═════ Exercise materials ═════
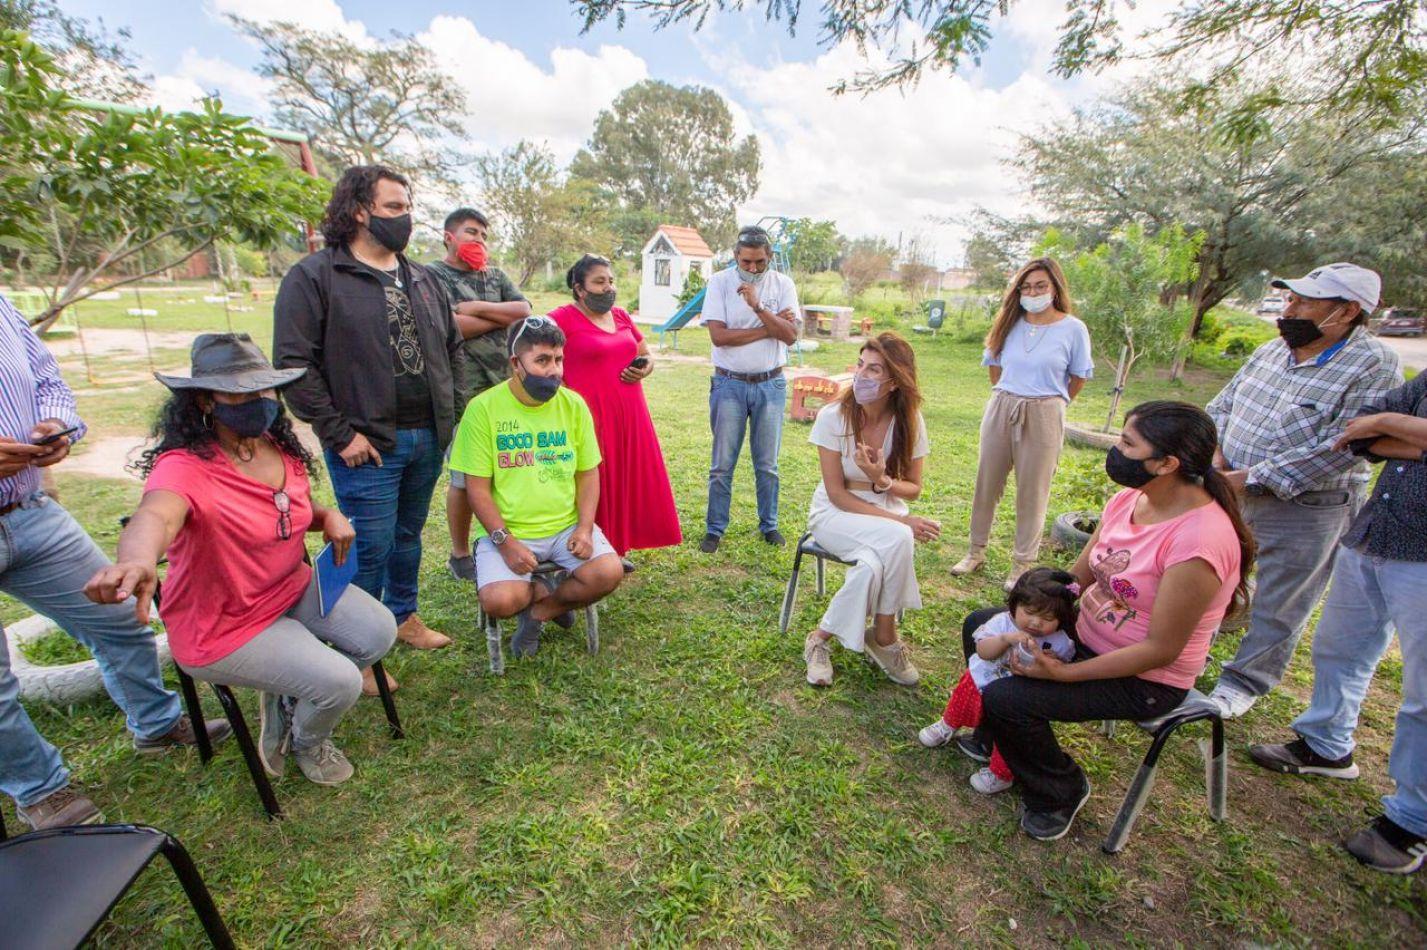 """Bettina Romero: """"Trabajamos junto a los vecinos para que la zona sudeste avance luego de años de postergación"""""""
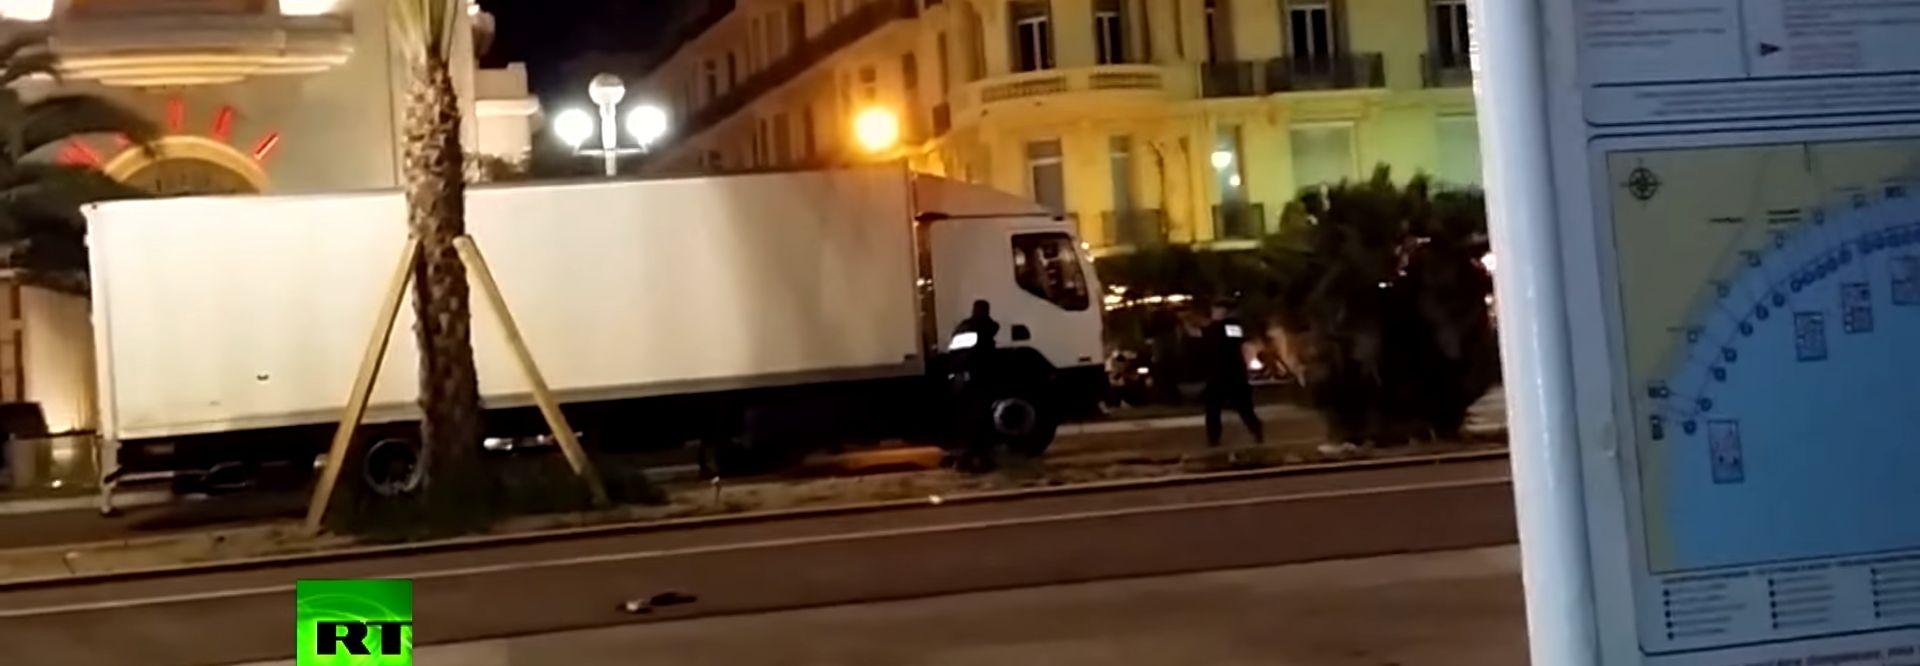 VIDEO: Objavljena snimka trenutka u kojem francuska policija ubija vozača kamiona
═════
═════ Exercise materials ═════
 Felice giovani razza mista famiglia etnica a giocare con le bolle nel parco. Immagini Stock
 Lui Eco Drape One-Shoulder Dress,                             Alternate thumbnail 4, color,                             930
═════
Set down exactly the lines of the data above, beginning with the line that has "Felice giovani razza" and ending with the line that has "Lui Eco Drape", and no others.

Response area>
 Felice giovani razza mista famiglia etnica a giocare con le bolle nel parco. Immagini Stock
 Lui Eco Drape One-Shoulder Dress,                             Alternate thumbnail 4, color,                             930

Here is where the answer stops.